Not blind contour drawings, but that would probably been even more hilarious. Note that, at this point, at least, I have equal allegiance to Lucas and Rodenberry. STAR TREK: THE MOTION PICTURE sorely tested my faith, though in the end it would seem almost watchable next to the horror that was RETURN OF THE JEDI. Nowadays, I'd be just as happy if I never saw anything new from either camp ever again.

Friday, March 2, 2007

MONSTERS IN SPACE



Both sides of a folder from either third or fourth grade (I skipped forward at mid-year, so I'm not sure).
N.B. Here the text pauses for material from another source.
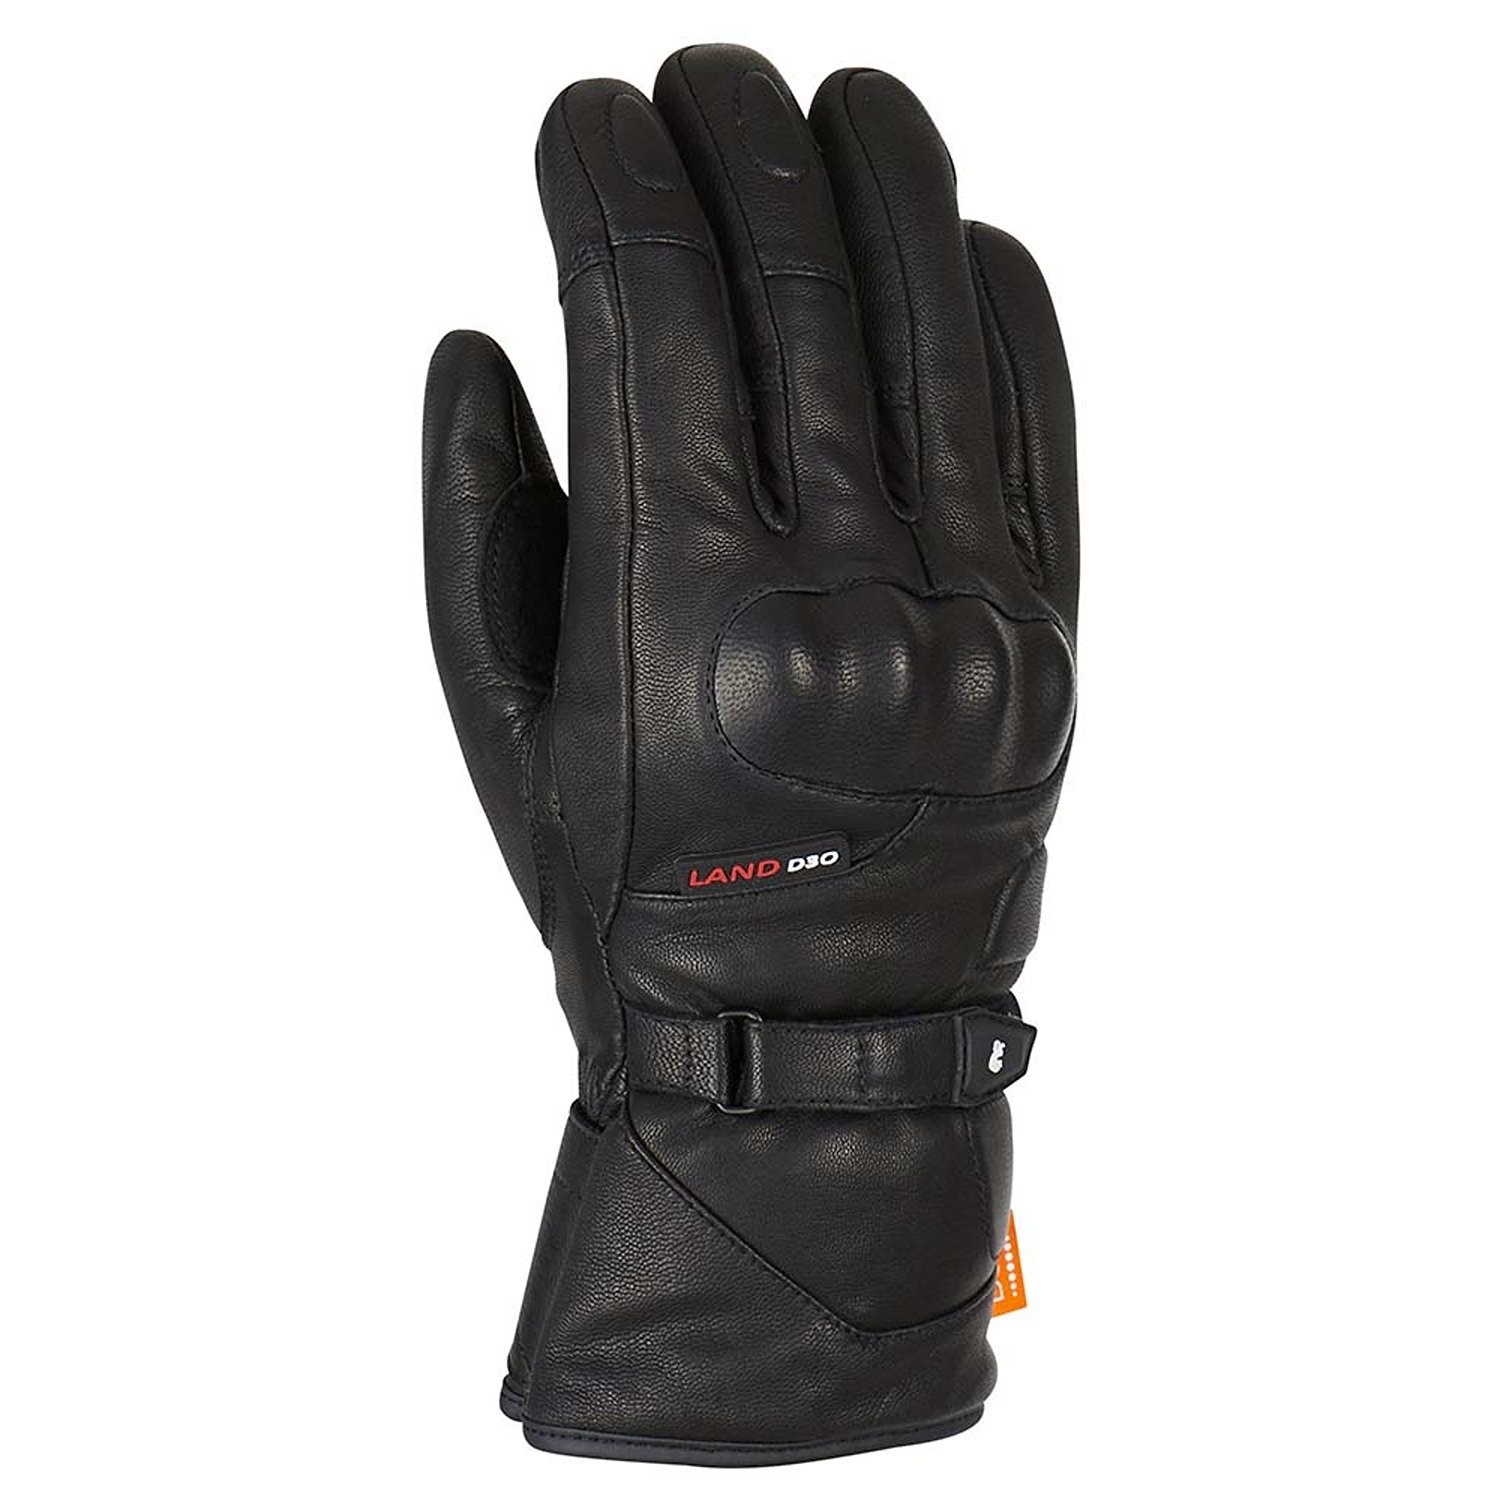 Image of Furygan Land DK D30 Gloves Black Talla 2XL

I feel that this has to be one of those rather than second grade because of the fact that the shuttlecraft on the STAR TREK side is referenced from the Dinky Enterprise, which I got at Lenox Toy & Hobby on a trip to Atlanta sometime in mid-1976. I had drawn what appears to be a light bulb-nosed robot Superman being captured in some sort of net or bubble, but chose to erase him and do the Flair (or possibly Bic Banana) felt-tip rendering of the Enterprise instead. The monsters on the other side are from nowhere in particular, except for the upper left-hand one, who is from THE OUTER LIMITS, drawn from a book on science fiction films that I had (Can't remember the title, but it had a violet cover with a photo from FLASH GORDON on it). I can't seem to find the original photo anywhere, but this trading card is the same monster, I think.